Tilting the hourglass to the side, holding my breath passing cemeteries, jumping on every backyard trampoline I encounter, yep, all of those tactics. They’ve suppressed that reality. The stark truth that time passes. Birthdays slap that reality across your face. Disguised as Facebook well wishes and friendly texts perpetuating the fight against time… “There’s no way you are ____ (insert age).”

My preferred birthday celebration looks very like any preferred celebration: adventure. Starting at 30 I recruited mis amigos to a ski destination. A first-time—visited ski area that I’d commemorate with a new patch on my soon-to-be technicolor jacket. After 6 patches turned a black jacket into a confused billboard, I abandoned the ski hills. Time. “The thief you cannot banish,” as Phyllis McGinley said.

This year, like last, I spent the celebrated day in the desert outside Tucson, AZ. Unlike last year, I was alone. Inspired by the transitional state brought on by the passing of a business, the creation of a new, and the development into a higher-level coach I chased the day’s end pedaling on the Arizona Trail. No music. No distractions. Just the desert, an occasional herd of cattle, and a landscape stretching across ignorant borders.

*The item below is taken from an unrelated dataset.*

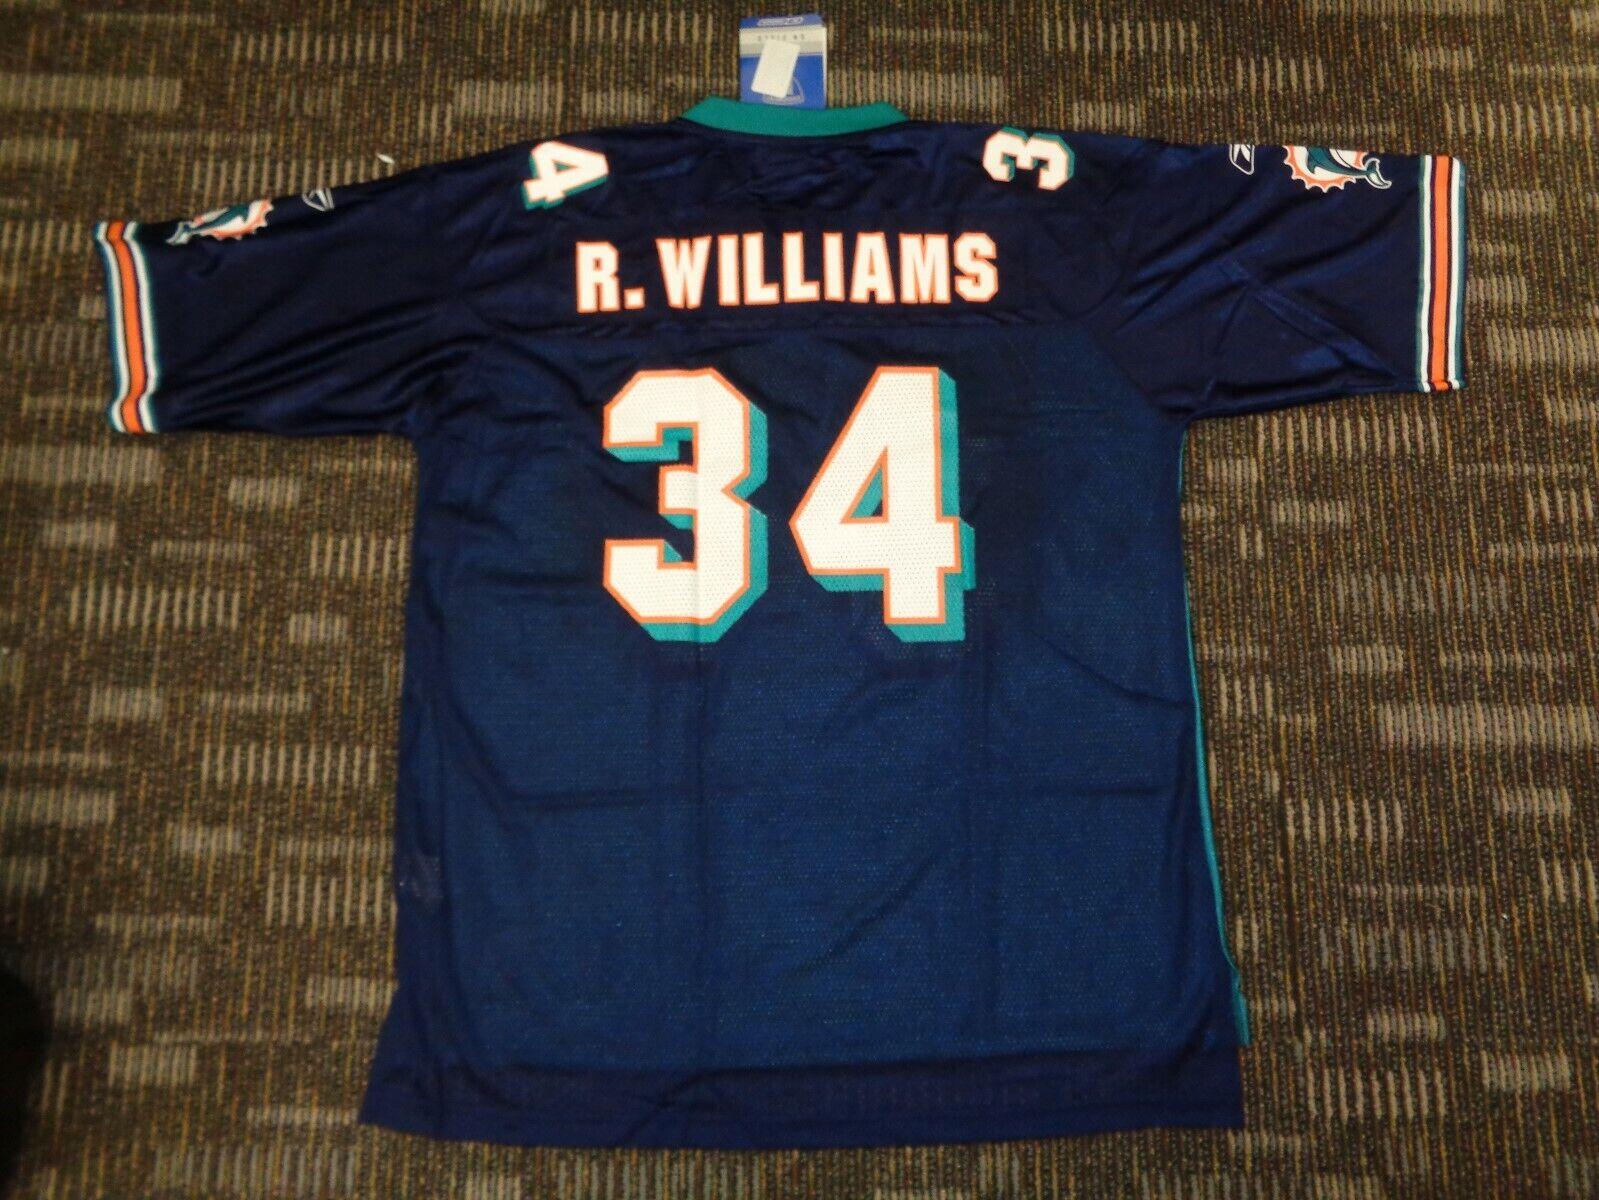 LOT-NWT RICKY WILLIAMS CAMERON WAKE MIAMI DOLPHINS REEBOK NFL CFL GAME JERSEYS - $69.99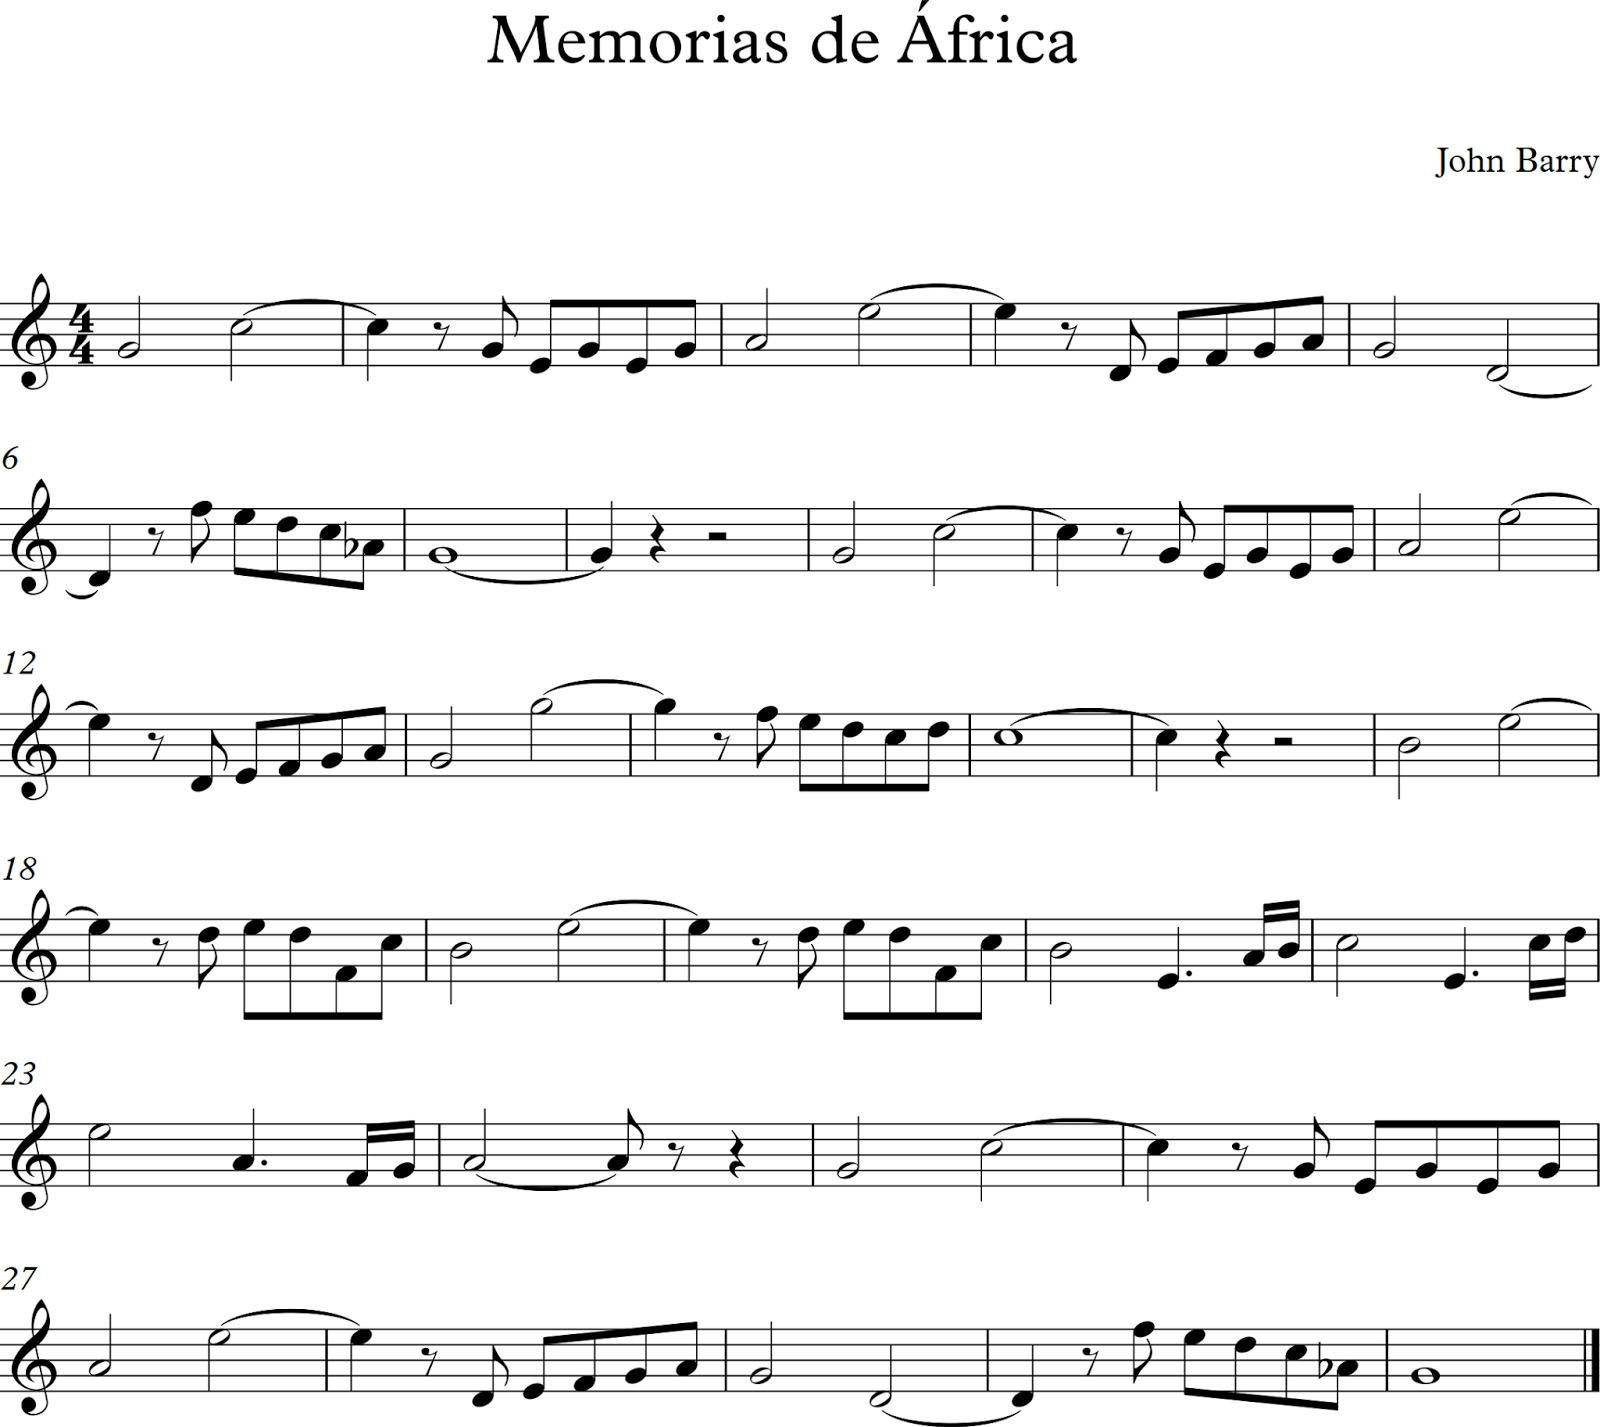 Descubriendo la m sica partituras para flauta dulce o de for Piani casa africani gratis

While friendly texts continued to jump across my bike computer’s screen I fell into the meditative state found hours into a long ride. That point where the task becomes autonomic and the mind can explore unknown corners of consciousness. Buried in those nooks the thoughts pushed aside, shelved in darkness, find light. They breathe. On my birthday solo-adventure, a speck in the Sonoran desert, one thought persisted through the rest. That thought, my greatest fear, sought center stage. Death.

The act of dying isn’t the fear. Not the fiery crash, the slow decline, or the painful letting go. No. The fear roots in my great love of life. The adventure. The unknown. The opportunity. The world needs explored and yet-done experiences need stories. Death means an end of those chances. So the fear of death scares me not into submission but into action. Fear though. All the same.


The morning before this dark nook exploring pedal driven meditation I sat, traditionally, with my book and coffee. Entertained, and at times appalled, by a geriatric’s romp across borderland Mexico and into the Mexican countryside I’ve met some real characters. Some hilarious and others wise. One of the latter sharing an end-of-life realization. Her fear of dying inspired her to bury the undeniable truth that we all end. So, when her end came near, she acted surprised. Surprise quickly turning to foolishness for in her words, “one would be foolish to be surprised by the thing that comes to us all.” Her regret? Not facing her pending death, daily. Looking at it squarely, accepting it, and living with that truth in mind. No dark corners used for hiding.


Tacky shirts scream “Carpe Diem”. Coined phrases inspiring you to live now lay across landscape images of beaches, mountains, and sky. Surface level reminders to live that fail to attach the fear component that surprised the elderly Oaxacan woman. I yearned to honor that fear.


Pedaling now, 4 hours in, my mind doing more work than my legs. Light to the dark nook brought clarity to the fear. Instantly I knew the rest of my birthday activities.


And that is how I landed at Black Rose Tattoo in downtown Tucson on a dark January 27th night. That is where I met the fully tattooed artist who’s name was never shared. Our conversations short, purposeful. Her commitment to her craft and my commitment to myself. Face death. Honor its eventual presence. Live without fear.



“Peligro en la demora.” A Spanish saying meaning danger is in the delay. A skull and a motto. Placed in eyesight when my hands grip the bike. A mantra. A symbol of growth. Peligro en la demora. Wherever fear brings doubt, do not delay.

Happy birthday to me. You look exactly your age.